そっか。皆、本当に仲良しだったんだね。歌鈴ちゃんと。
それから、――奏人とも。
「ちょっと脱線したけど、この話、今まで涼香にしたことなかったから、びっくりしたよね?」
「あ……うん。びっくり、した」
正直に告げると、苦笑ともとれる優しい笑みが、返ってきた。
「歌鈴と都築たちのこと、別に隠してたわけじゃなくて、そういう話題のタイミングにならなかっただけなんだよ。本当に。もし、今までにその話題が出てたら、普通に涼香に話してた。『もし』なんて仮定の言い訳で悪いけど」
「うん、大丈夫。ちゃんとわかってるから」
奏人が嘘を言ってないこと、ちゃんとわかってる。
だって私、知ってる。奏人は、聞かれてもないことをぺらぺらとお話しするタイプじゃない。
でも、尋ねられたことには真剣に答えてくれる人だ。さっき言ってたもの。『私からの質問の答えを続ける』って。『もう少し話しておきたいことがある』って。
私が聞いたから。――だから、これはその『答え』に繋がる、必要なお話なんだ。
緩やかに風に揺れている、立葵の花々のカーテン。何組かの先客が居るその前を通り、ライトアップの光から外れた、奥まった木立の前までいざなわれた。
「――ねぇ? さっき、『俺の一番近くに居たい』って言ってくれたよね?」
そこで、不意に落ちてきた問いかけ。
薄暗さはあるけど、周囲に点々とかかってる祭り提灯の灯りが届く位置でもあるから、奏人の表情ははっきりと見える。

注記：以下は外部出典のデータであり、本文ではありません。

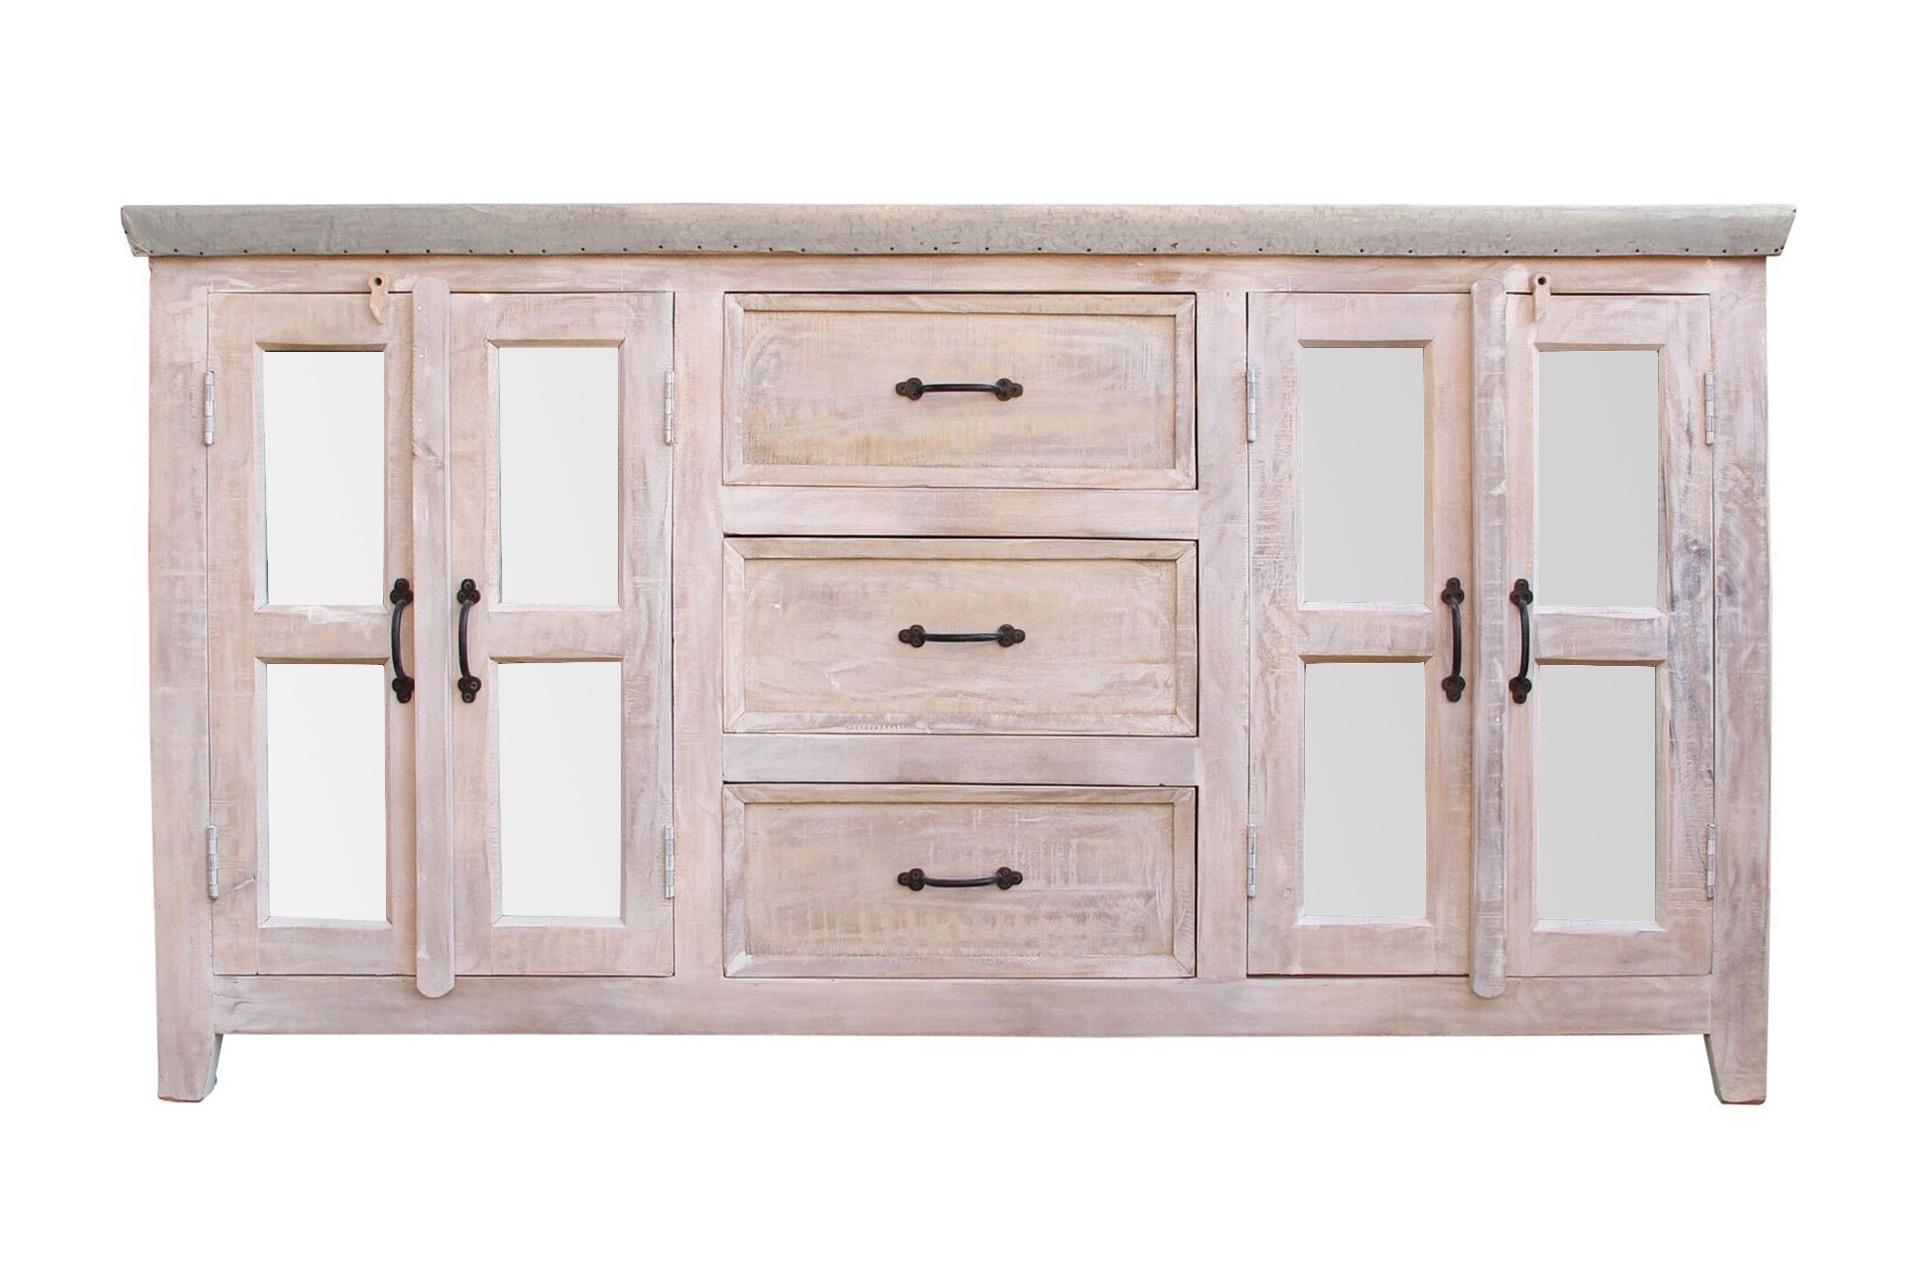 White Wash 4 Door/3 Drawer Glass Sideboard Intended For White Wash 3 Door 3 Drawer Sideboards (Photo 3 of 30)

そして、提灯の灯りを反射してる眼鏡の奥の瞳が真剣な光を宿し、真っ直ぐに私に向けられてるのも。
大切なお話が、これから始まる。奏人から伝わる空気で、それがわかった。
「……うん、言ったよ」
だから、私もその瞳を真っ直ぐ見返して、問いに答えるの。
「回りくどい言い方なんて俺にはできないから、単刀直入に言うね。都築は、幼稚舎の頃から知ってる仲だし、バスケ部のマネージャーとしての関わり以上に、歌鈴と過ごした同じ思い出を共有してる、俺にとってかなり近しい幼なじみだよ」
何を言われるのかと、すごくドキドキしてて。でも、自分が望んだことだからと毅然と聞いていようと思ってたの。
でも、駄目な私は『かなり近しい』に、つい反応して、奏人と繋いだ手をぴくんと震わせてしまった。